El desencadenante fue el empellón, como si Piotr fuese un niño estúpido al que podían mangonear. El rubor le cubrió las mejillas y le pegó un puñetazo en el pecho a Yuri; no muy violento pero sí lo bastante como para demostrarle que hablaba en serio.
—Solo te lo diré si prometes guardar el secreto.
—Venga, suéltalo ya —lo instó con mirada brillante. Pero no prometió nada.
Piotr buscaba a Sofía con desesperación. Debía hablar con ella, advertirla. Una gran angustia se había apoderado de él mientras recorría el prado con la mirada, tratando distinguir una cabellera rubio platino y un vestido sembrado de acianos. Zigzagueaba entre las tiendas y con cada paso tragaba saliva en un intento fútil de engullir la vergüenza.

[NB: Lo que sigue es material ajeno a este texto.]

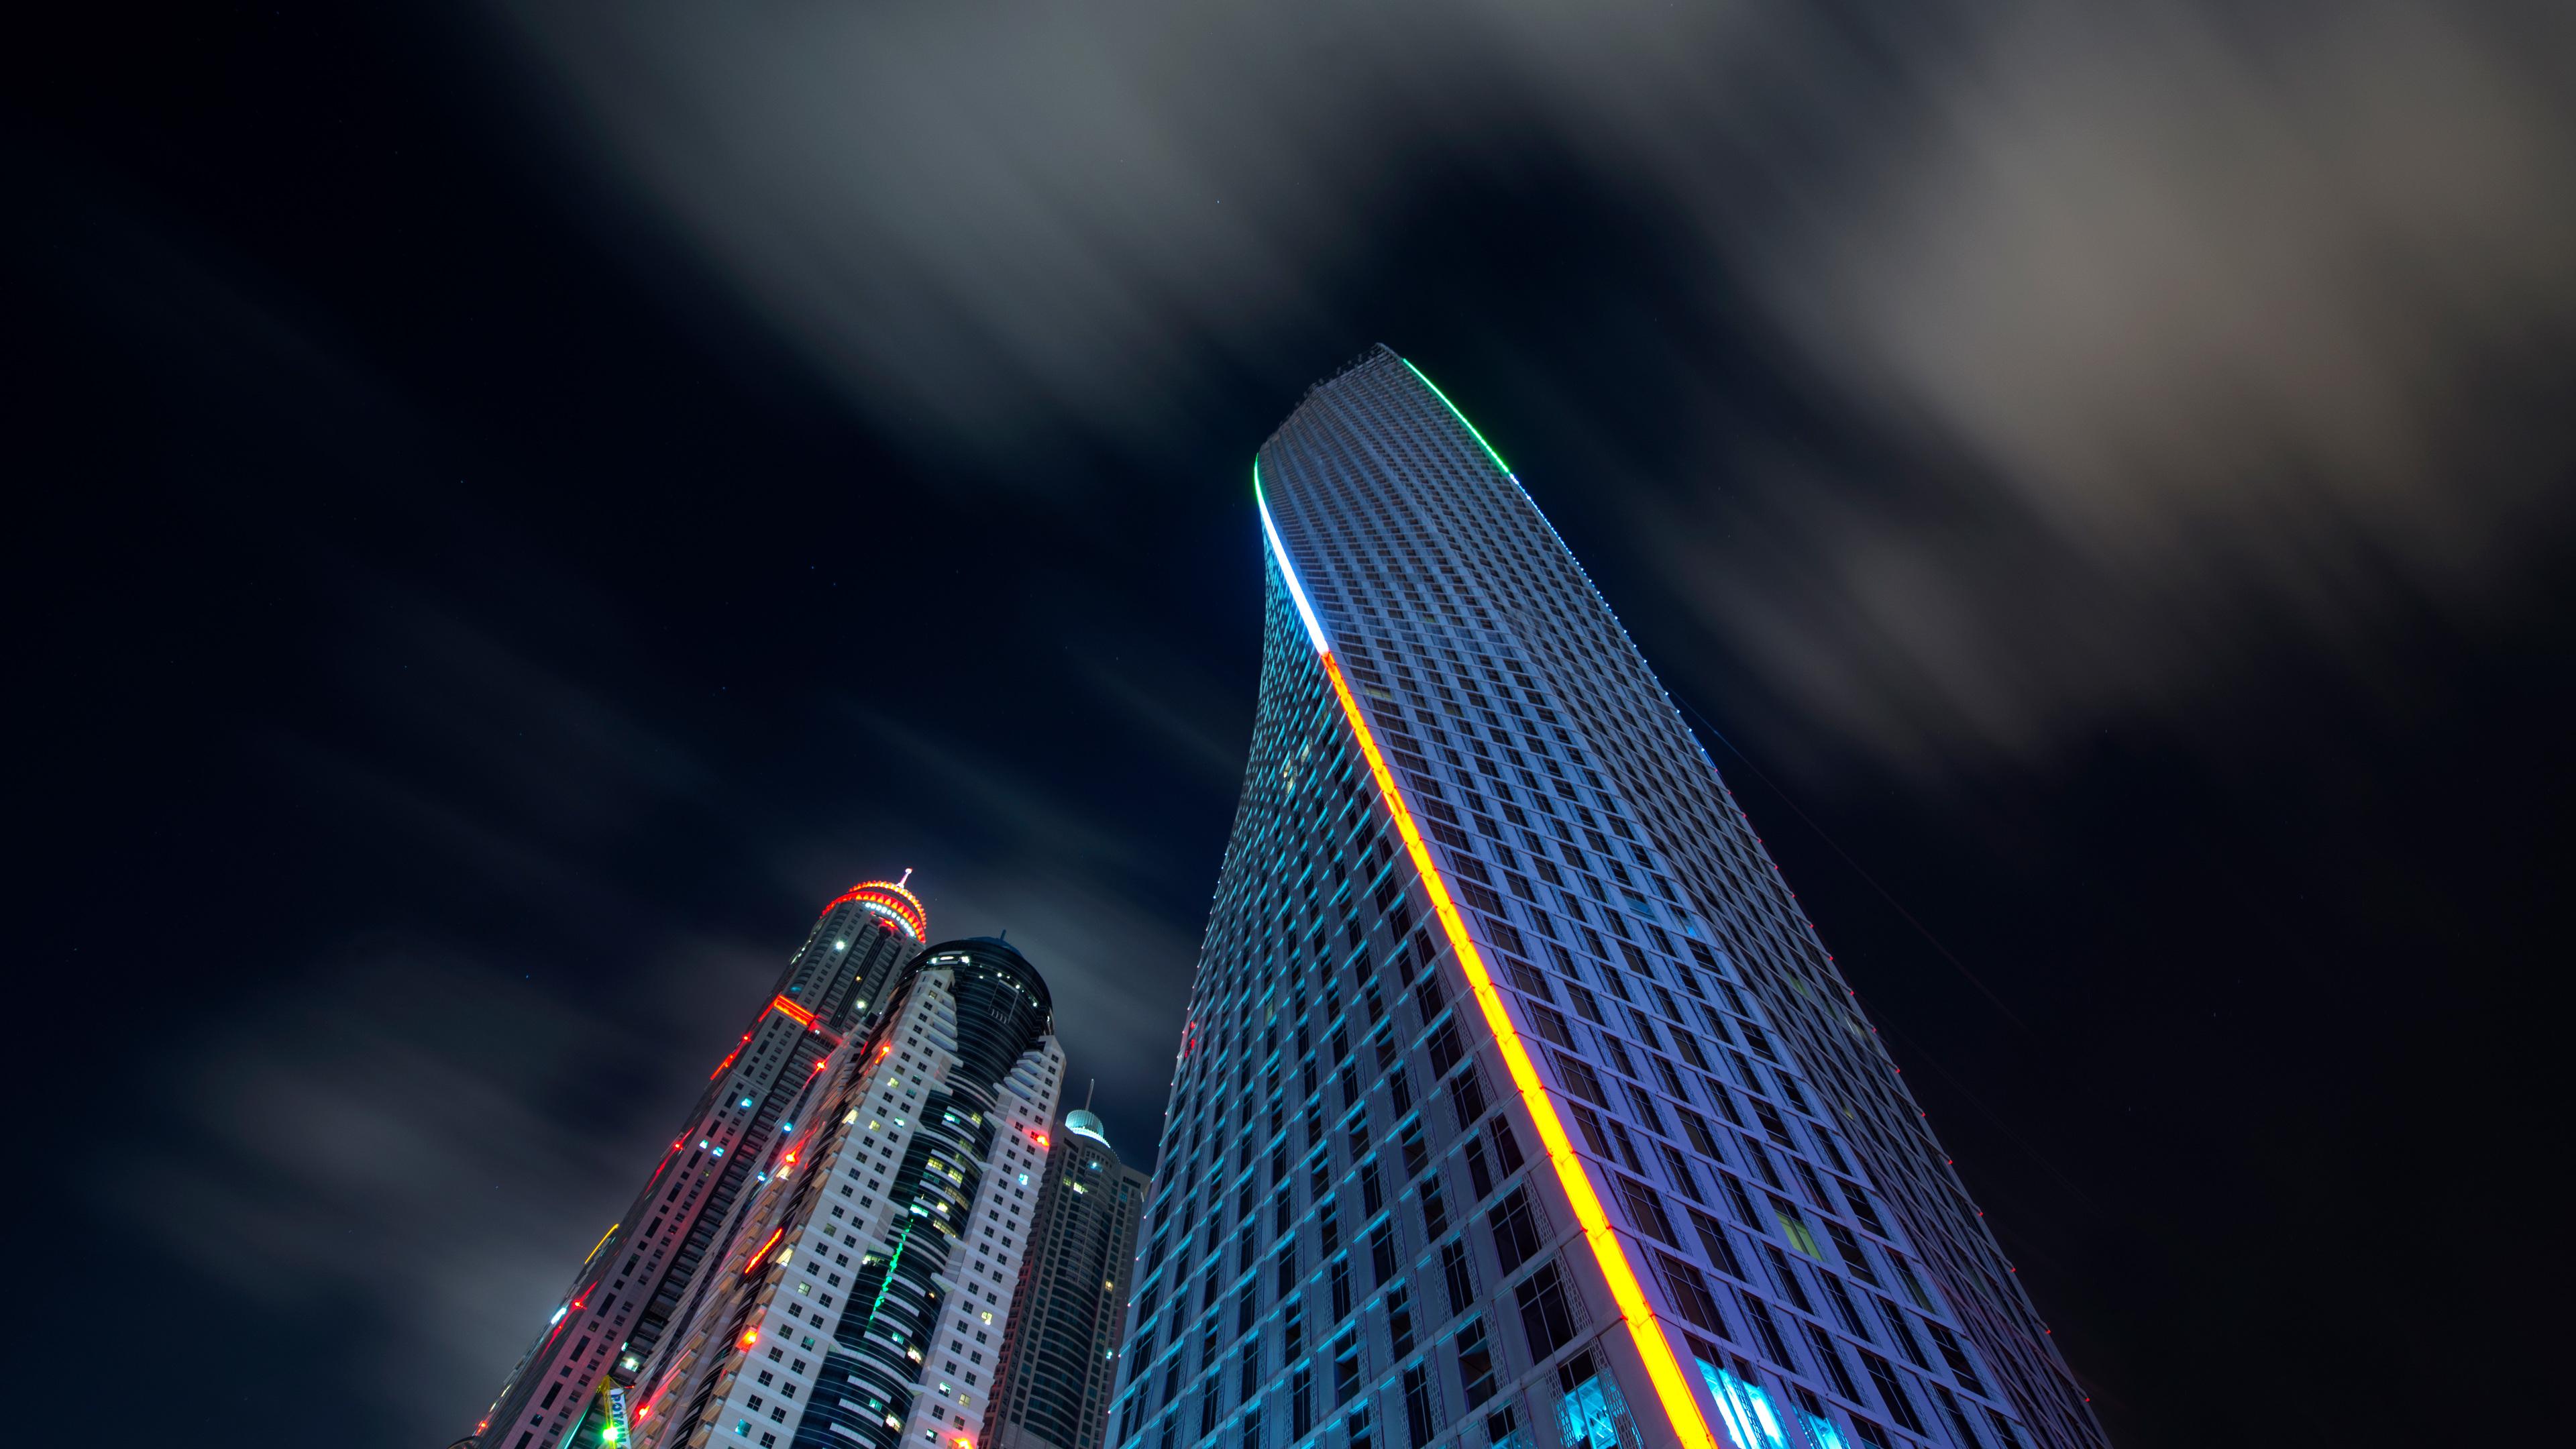 buildings skyscraper dubai nights 8k 1538070304 - Buildings Skyscraper Dubai Nights 8k - world wallpapers, skycrapper wallpapers, night wallpapers, hd-wallpapers, dubai wallpapers, buildings wallpapers, 8k wallpapers, 5k wallpapers, 4k-wallpapers

¿Cómo había podido hacerlo? ¿Cómo había podido traicionarla solo porque estaba enfadado con Yuri? Escarbó la tierra polvorienta con el zapato; su único deseo era cavar un agujero profundo y quedarse allí. El sudor le empapaba la piel porque sabía que debía enfrentarse a Sofía. Y enseguida.

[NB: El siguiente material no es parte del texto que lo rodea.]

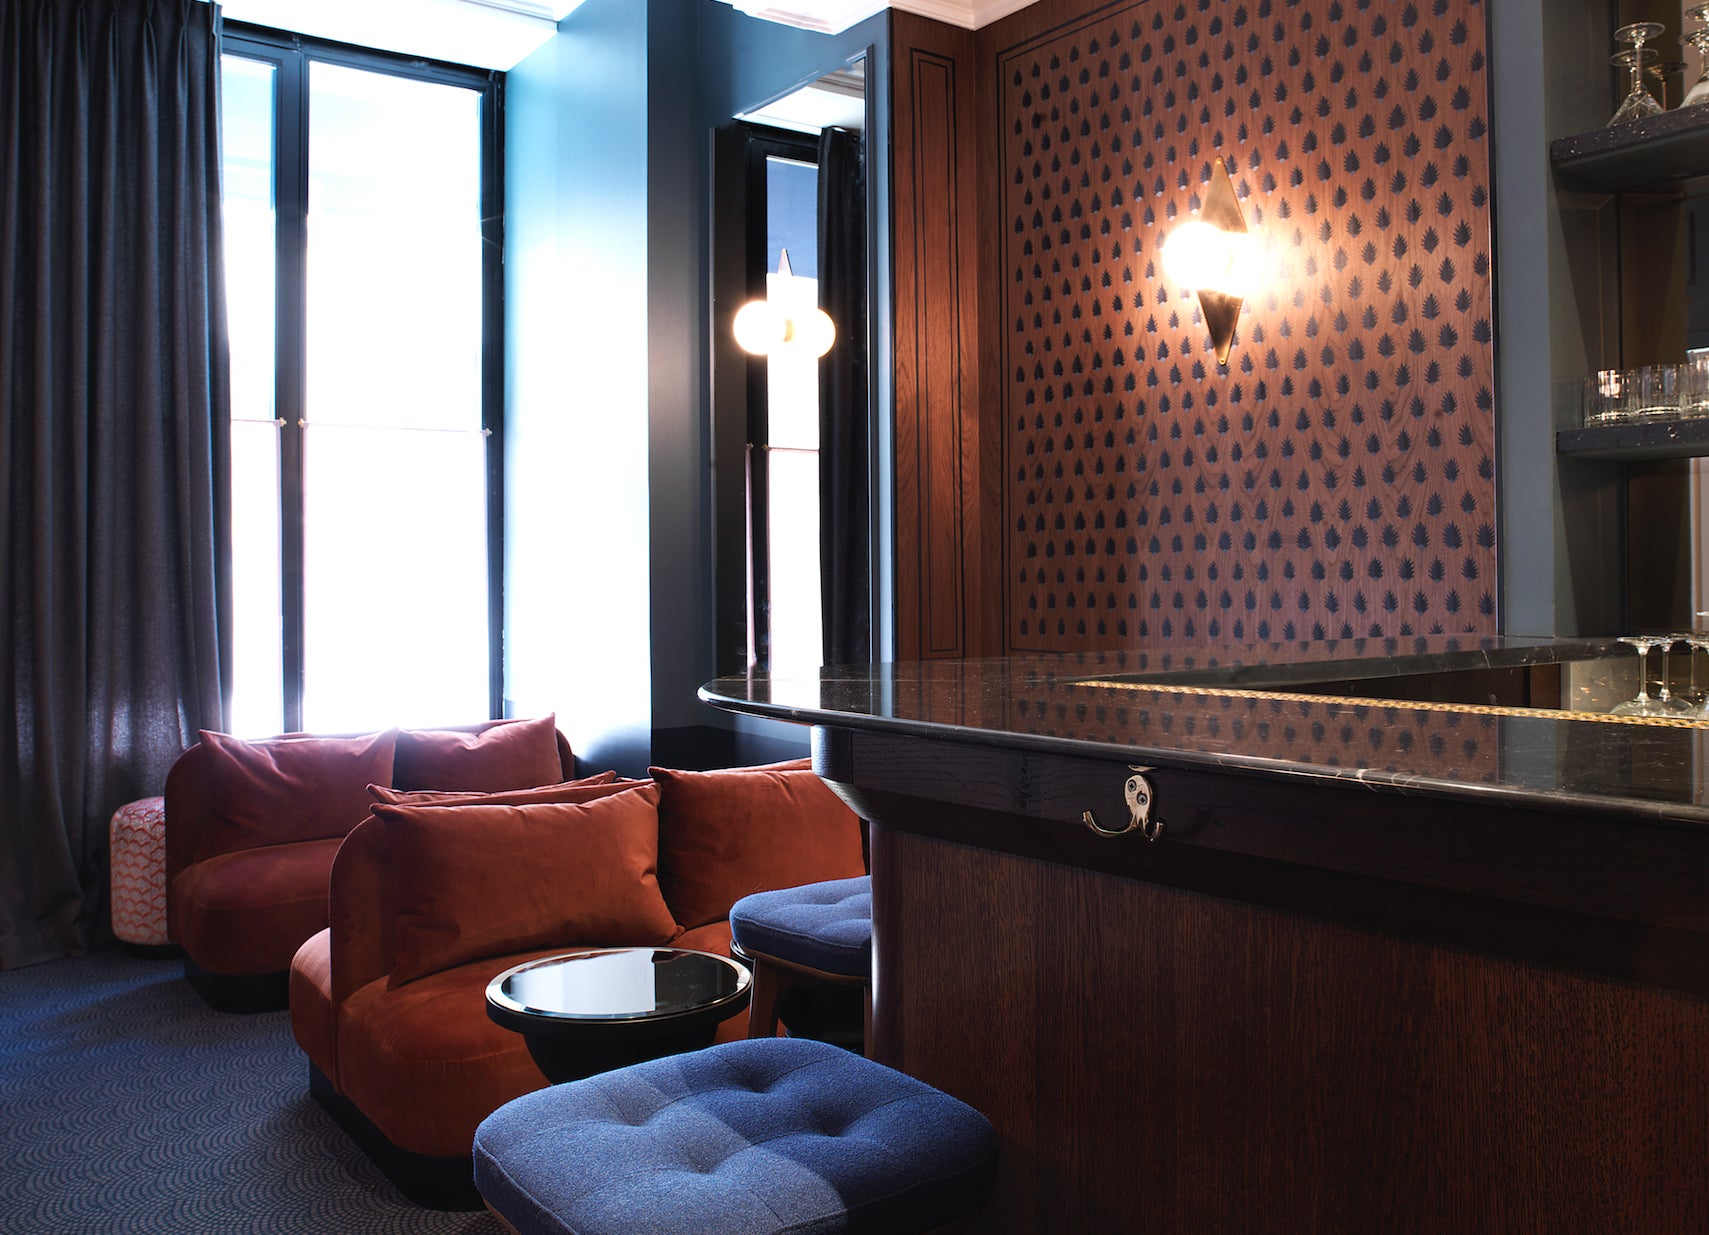 le bachaumont restaurant by chzon. Black Bedroom Furniture Sets. Home Design Ideas

Pasó a toda velocidad junto a un grupo de hombres que arrojaban herraduras de hierro hacia unas estacas y ver que Yuri estaba entre ellos supuso un alivio. A lo mejor no se lo contaría a nadie... Pero entonces Piotr descubrió a Sofía: estaba a un lado de una de las tiendas más grandes, fácil de reconocer porque llevaba el vestido más bonito del prado. Empezó a correr hacia ella, pero se detuvo al ver que estaba hablando con alguien y se le encogió el estómago cuando reconoció a su interlocutor: era el subdirector Stírjov, el que había pronunciado el discurso durante la reunión en la sala, el subdirector de todo el raion. El subdirector Stírjov era un hombre del Partido, un hombre que sabía distinguir entre el bien y el mal.
Sofía le estaba tendiendo algo pequeño envuelto en un trozo de tela y el corazón le dio un vuelco, porque sabía qué ocultaba la tela: el anillo de diamantes o tal vez el collar de perlas. Daba igual qué fuera, pero no cabía duda de que era una joya. Stírjov se guardó el objeto en el bolsillo del pantalón y después se inclinó hacia delante y trató de darle un beso en la boca. Piotr estaba estupefacto. ¿Qué le había hecho Sofía a ese hombre? También estaba corrompiendo a Stírjov.
En lo alto del cielo azul un sonido parecido al remoto zumbido de una sierra mecánica empezó a taladrarle la cabeza y Piotr se dio cuenta de que era el Kokodril que se aproximaba. Se secó las palmas de las manos en los fondillos del pantalón. Había estado en lo cierto desde el principio: Sofía no solo era una fugitiva, sino una auténtica enemiga del pueblo. Saberlo le causó una punzada de tristeza porque la quería y, lo que era aún más importante, también la quería su padre.
Su padre. Debía encontrarlo y hablar con él. Piotr echó a correr.